Beef Pocket Sandwiches
More From Southern Living
Bake: 30 Minutes
- 1 pound 95% Lean Ground BEEF
- 1 tablespoon butter
- 1 green bell pepper, cut into strips
- 1 cup sliced fresh mushrooms
- 1 (14-oz.) jar pizza sauce
- 1 (8-oz.) package shredded Italian six-cheese blend
- 2 (13.8-oz.) cans refrigerated pizza crust dough
- Olive oil
- Pizza sauce (optional)
- 1. Cook ground beef in a large nonstick skillet over medium-high heat, stirring until it crumbles and is no longer pink. Remove from skillet, and drain well. Wipe skillet clean with a paper towel.
- 2. Melt butter in skillet over medium-high heat. Add bell pepper strips and sliced mushrooms, and sauté 8 minutes or until mushrooms are lightly browned and liquid evaporates. Remove from heat; stir in beef, 1 jar pizza sauce, and cheese.

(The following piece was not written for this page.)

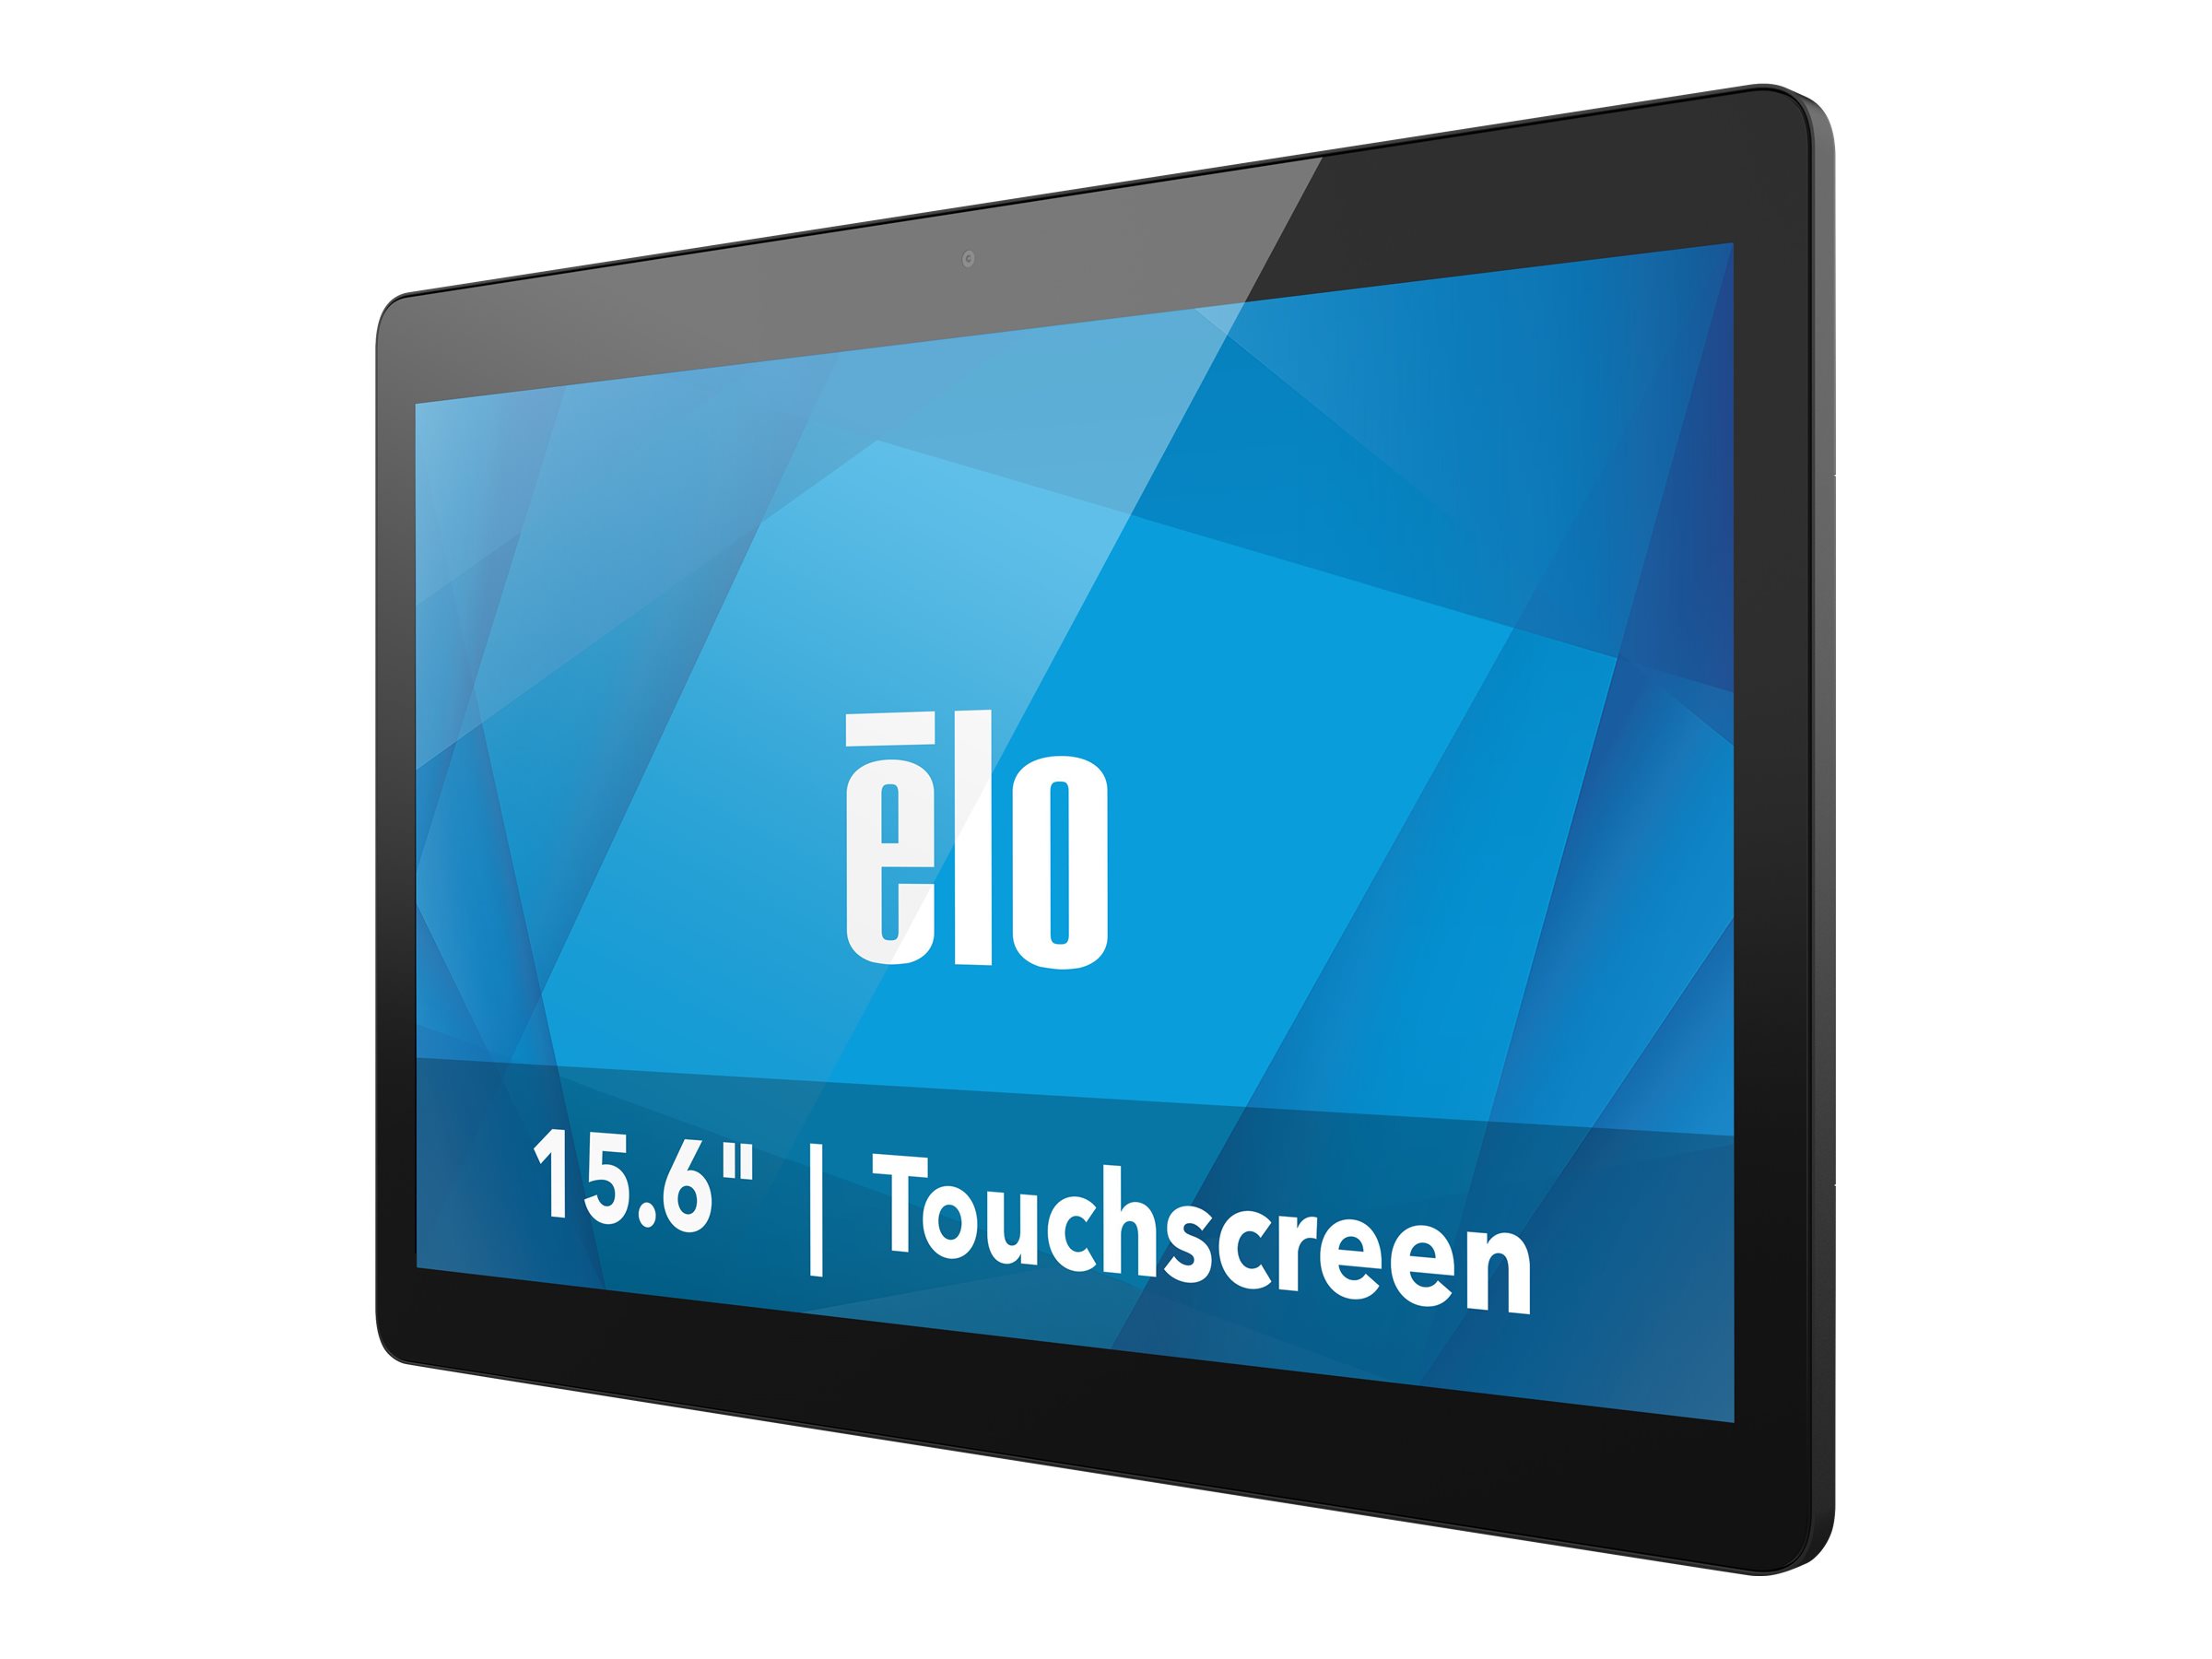 Elo Touch Solutions Elo I-Series 4.0 - Value - All-in-One (Komplettlösung) - 1 RK3399 - RAM 4 GB - Flash 32 GB - GigE - WLAN: 802.11a/b/g/n/ac, Bluetooth 5.0 - Android 10 - Monitor: LED 39.624 cm (15.6")

- 3. Unroll each can of pizza crust dough on a lightly floured surface; cut each crust into quarters. Press each dough quarter into a 7- x 6-inch rectangle. Spoon about 2/3 cup meat mixture in the center of each rectangle. Fold 1 short side of dough over filling, pressing or crimping edges to seal. Place beef pockets on 2 lightly greased baking sheets, and cut slits in tops to allow steam to escape. Brush lightly with olive oil.
- 4. Bake, on separate oven racks, at 375° for 25 to 30 minutes or until golden. (Switch places of baking sheets in oven after 15 minutes if necessary for even baking.) Serve with pizza sauce, if desired.